Power election bid to cause headache for Fianna Fáil
Published 24/08/2015 | 02:30
Former Fianna Fáil senator Averil Power is set to cause more headaches for Micheál Martin with her decision to stand as an Independent candidate in the general election.
Ms Power confirmed yesterday she will be running in the next election in the Dublin Bay North constituency after months of speculation following her shock decision to quit Fianna Fáil.
She now joins the ticket in an already highly competitive new five-seat constituency.
Fine Gael is running three candidates, with Jobs Minister Richard Bruton joined by councillor Naoise Ó Muirí and Stephanie Regan.
The other sitting TDs contesting are Labour Party junior minister Aodhán Ó Ríordáin, Independent Tommy Broughan and Finian McGrath and Renua's Terence Flanagan.
Sinn Féin councillors Micheál MacDonncha and Denise Mitchell are strongly in contention.
Fianna Fáil is running councillor Deirdre Heney. But speculation is mounting the party will add Sean Haughey to the ticket after he lost the selection convention to Ms Heney.
The decision to run two candidates could split the Fianna Fáil vote.
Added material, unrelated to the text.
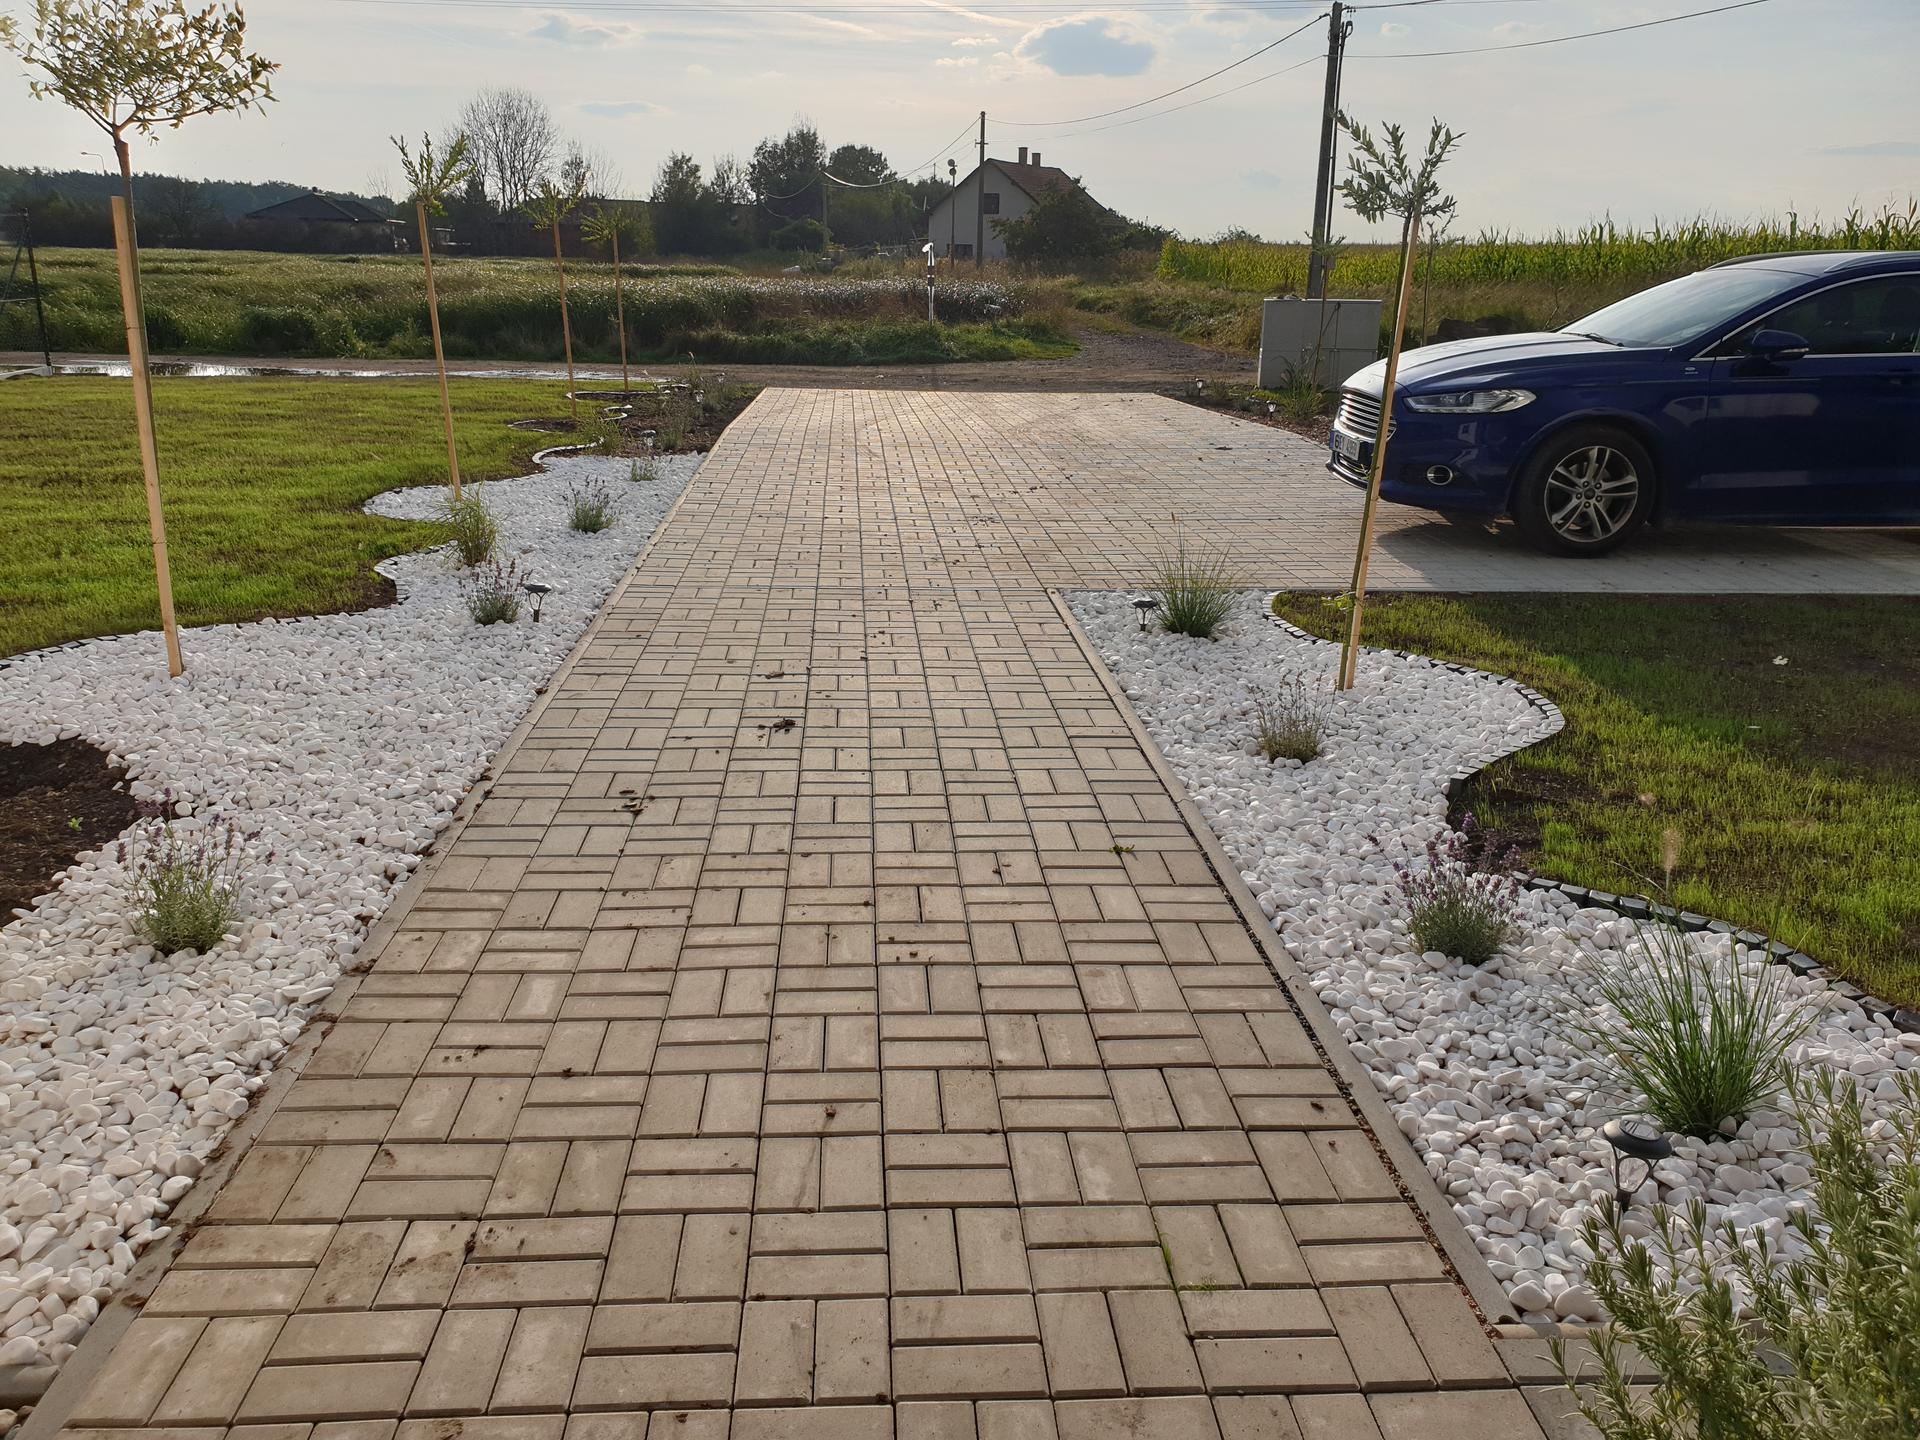 Zahrada a terasa - Obrázek č. 88

However, party officials yesterday insisted no decision has been made.
The new constituency came from the mergers of the traditional Dublin North-East and Dublin North-Central.
Speaking to the Irish Independent, Ms Power said she retained the majority of her election team after she quit Fianna Fáil, claiming the party had failed to throw its full support behind the same-sex marriage referendum.
"I know a lot of my support base has been incredibly loyal since I left Fianna Fáil," she said.
"I have been getting constant messages from people who say they agree with my decision and that they will continue to support me."
Sources said around 55 members based in Ms Power's constituency quit Fianna Fáil after her departure.
Ms Power said she did not want her campaign to focus on her fallout with the Fianna Fáil leadership.
Apart from Sinn Féin, she said she would not rule out supporting future governments if they were focused on introducing social justice policies.